### DATASET EXTRACT

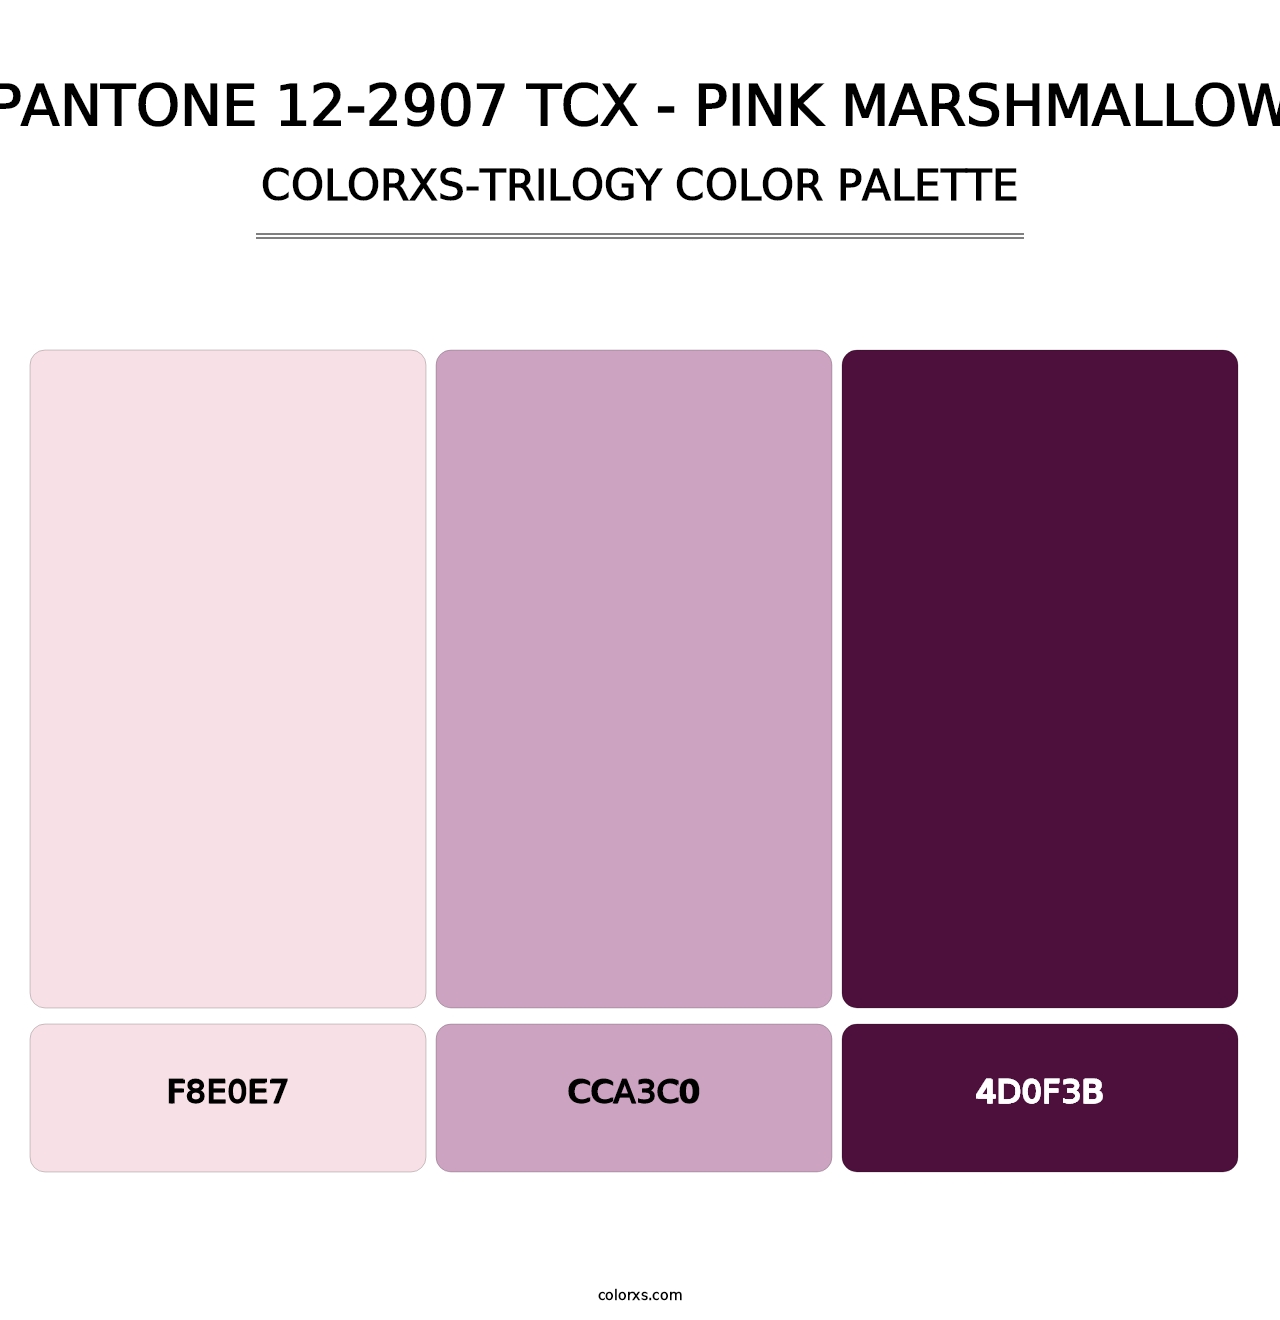 PANTONE 12-2907 TCX - Pink Marshmallow - Colorxs Trilogy Palette
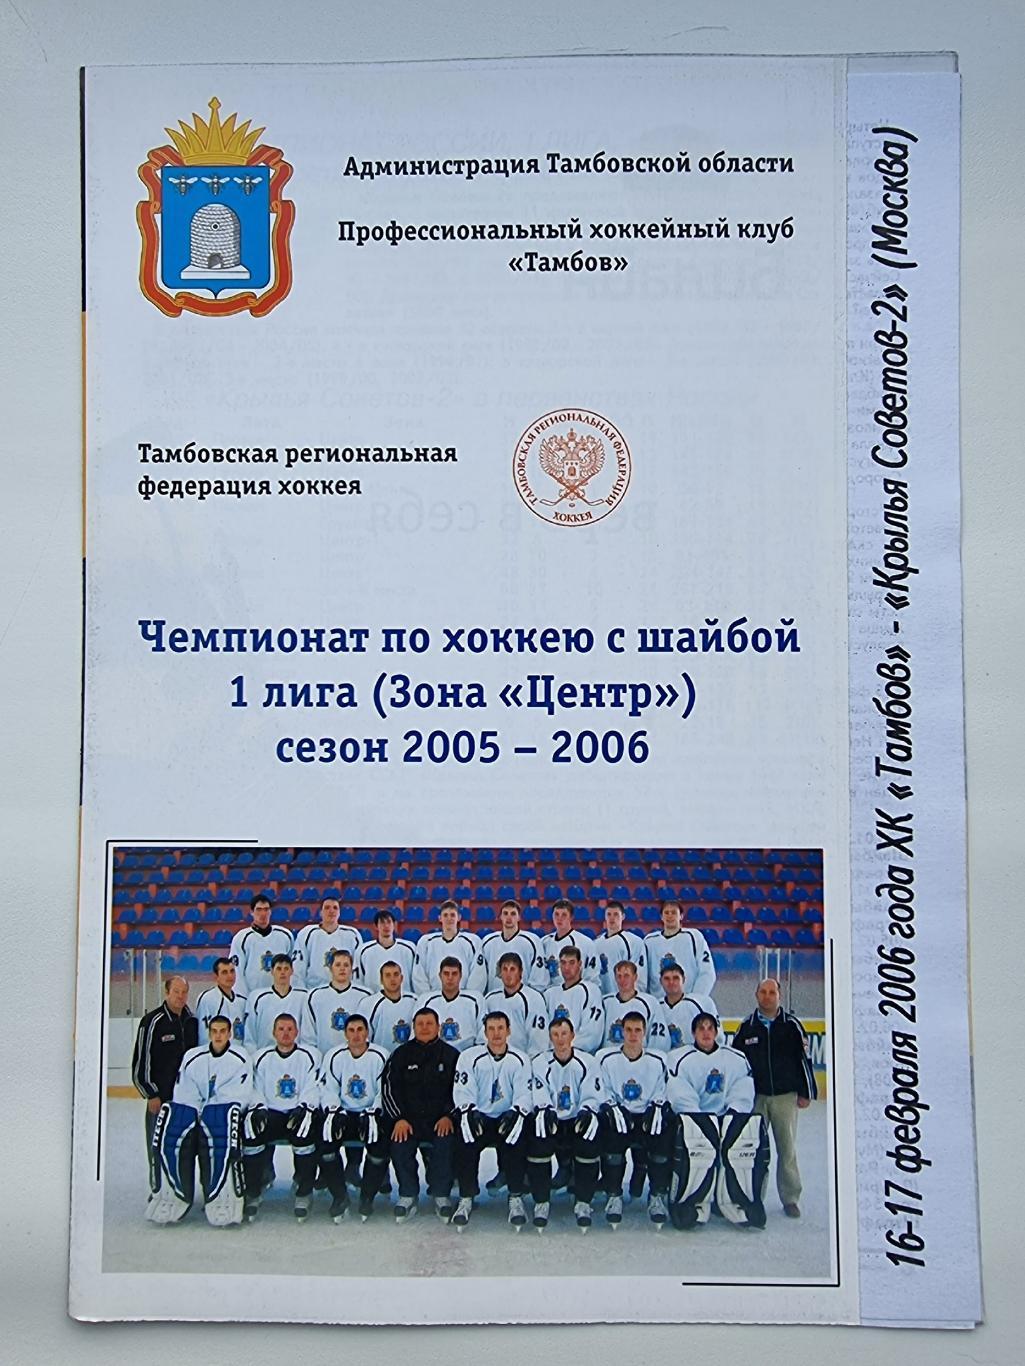 ХК Тамбов - Крылья Советов Москва 16/17 февраля 2006
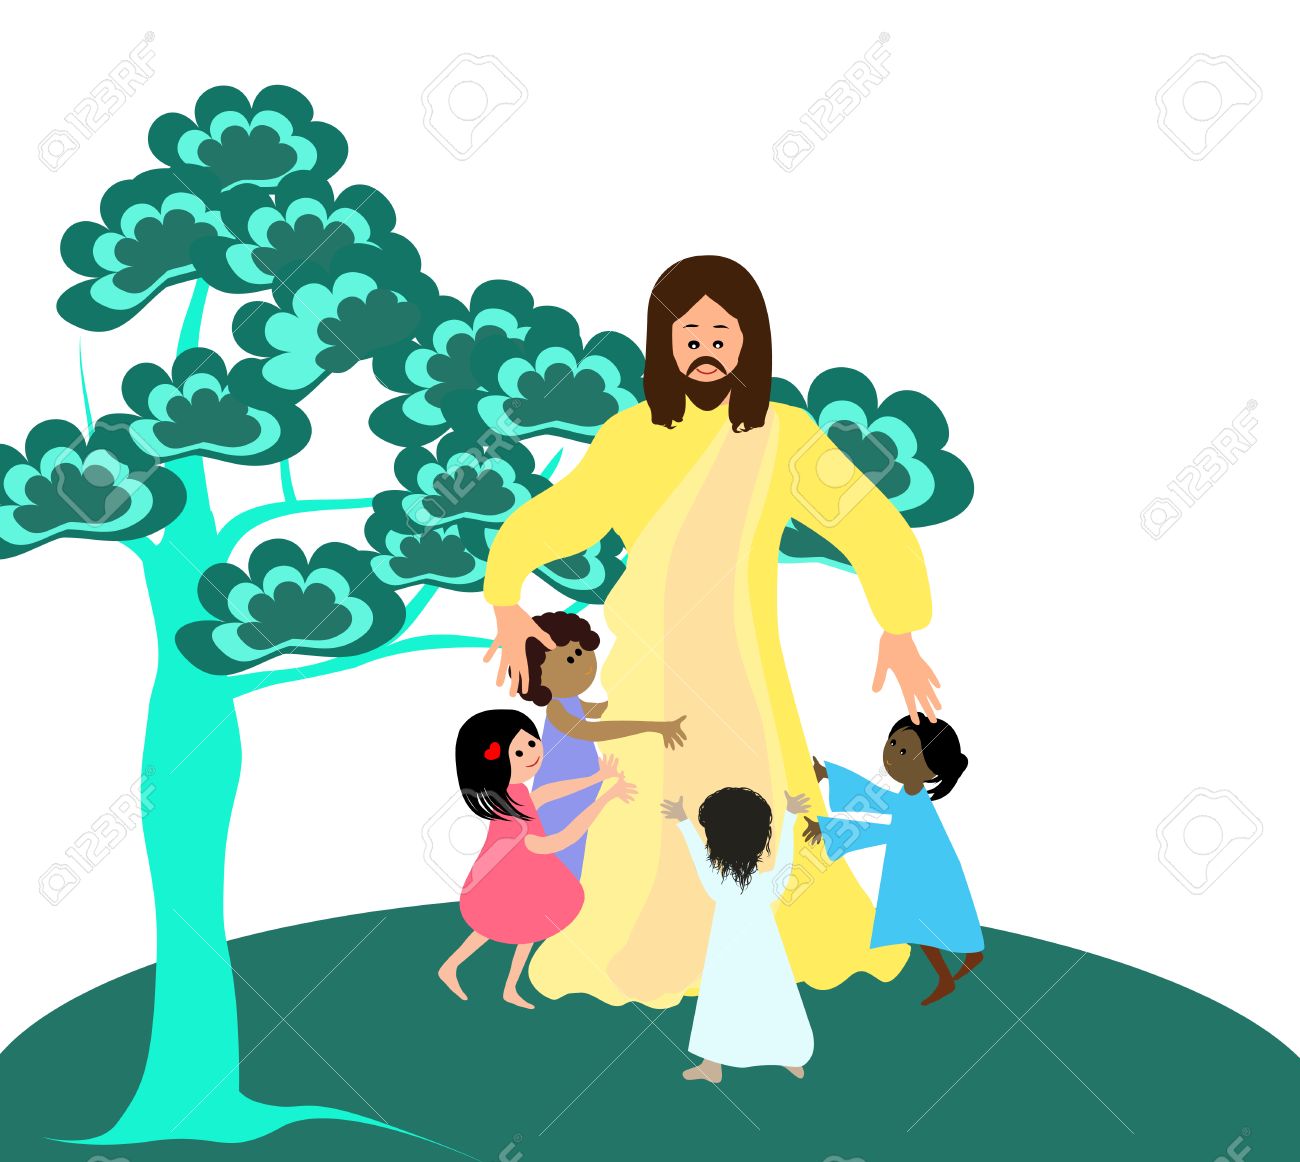 Jesus loves the little children.

### DESCRIPTION OF THE TASK
Copy out, with no pictures, the lines from the one containing "ХК Тамбов - Крылья" through the last line of the data above, both ends included and each word unchanged.

### RESULT
 ХК Тамбов - Крылья Советов Москва 16/17 февраля 2006
 Jesus loves the little children.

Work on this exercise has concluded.